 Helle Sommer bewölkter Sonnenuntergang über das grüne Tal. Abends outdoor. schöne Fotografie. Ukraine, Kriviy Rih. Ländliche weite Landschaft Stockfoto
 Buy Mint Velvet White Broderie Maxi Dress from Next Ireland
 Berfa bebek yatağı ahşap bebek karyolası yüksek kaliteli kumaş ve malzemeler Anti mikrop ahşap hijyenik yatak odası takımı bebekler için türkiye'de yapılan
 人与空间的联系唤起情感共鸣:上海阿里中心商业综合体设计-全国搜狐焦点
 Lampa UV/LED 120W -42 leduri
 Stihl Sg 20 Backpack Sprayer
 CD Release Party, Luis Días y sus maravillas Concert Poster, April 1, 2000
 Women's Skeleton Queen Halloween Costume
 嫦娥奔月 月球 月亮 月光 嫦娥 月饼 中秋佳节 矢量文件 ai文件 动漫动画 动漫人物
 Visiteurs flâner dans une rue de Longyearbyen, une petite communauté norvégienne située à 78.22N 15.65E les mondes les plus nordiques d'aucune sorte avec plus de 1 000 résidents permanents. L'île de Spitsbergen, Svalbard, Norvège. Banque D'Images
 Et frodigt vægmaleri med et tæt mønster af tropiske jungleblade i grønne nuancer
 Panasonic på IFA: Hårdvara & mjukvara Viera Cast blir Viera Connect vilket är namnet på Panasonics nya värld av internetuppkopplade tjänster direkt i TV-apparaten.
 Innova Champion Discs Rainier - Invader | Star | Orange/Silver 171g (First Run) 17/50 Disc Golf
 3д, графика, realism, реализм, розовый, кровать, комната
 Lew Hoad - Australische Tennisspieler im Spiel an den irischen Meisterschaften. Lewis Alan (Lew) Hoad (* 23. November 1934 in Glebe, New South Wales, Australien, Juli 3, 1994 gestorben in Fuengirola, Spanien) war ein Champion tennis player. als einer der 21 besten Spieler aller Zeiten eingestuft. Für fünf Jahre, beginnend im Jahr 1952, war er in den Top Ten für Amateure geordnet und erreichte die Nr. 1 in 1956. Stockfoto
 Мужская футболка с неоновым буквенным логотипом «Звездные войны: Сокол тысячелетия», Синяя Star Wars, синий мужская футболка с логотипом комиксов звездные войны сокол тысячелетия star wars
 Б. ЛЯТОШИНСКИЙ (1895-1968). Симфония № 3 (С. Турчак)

* **Directions**
All lines above from the line with "Stihl Sg 20 Backpack Sprayer" through the line with "Lew Hoad - Australische", both included, are to be set down exactly, with nothing else.

* **Solution for this exercise**
 Stihl Sg 20 Backpack Sprayer
 CD Release Party, Luis Días y sus maravillas Concert Poster, April 1, 2000
 Women's Skeleton Queen Halloween Costume
 嫦娥奔月 月球 月亮 月光 嫦娥 月饼 中秋佳节 矢量文件 ai文件 动漫动画 动漫人物
 Visiteurs flâner dans une rue de Longyearbyen, une petite communauté norvégienne située à 78.22N 15.65E les mondes les plus nordiques d'aucune sorte avec plus de 1 000 résidents permanents. L'île de Spitsbergen, Svalbard, Norvège. Banque D'Images
 Et frodigt vægmaleri med et tæt mønster af tropiske jungleblade i grønne nuancer
 Panasonic på IFA: Hårdvara & mjukvara Viera Cast blir Viera Connect vilket är namnet på Panasonics nya värld av internetuppkopplade tjänster direkt i TV-apparaten.
 Innova Champion Discs Rainier - Invader | Star | Orange/Silver 171g (First Run) 17/50 Disc Golf
 3д, графика, realism, реализм, розовый, кровать, комната
 Lew Hoad - Australische Tennisspieler im Spiel an den irischen Meisterschaften. Lewis Alan (Lew) Hoad (* 23. November 1934 in Glebe, New South Wales, Australien, Juli 3, 1994 gestorben in Fuengirola, Spanien) war ein Champion tennis player. als einer der 21 besten Spieler aller Zeiten eingestuft. Für fünf Jahre, beginnend im Jahr 1952, war er in den Top Ten für Amateure geordnet und erreichte die Nr. 1 in 1956. Stockfoto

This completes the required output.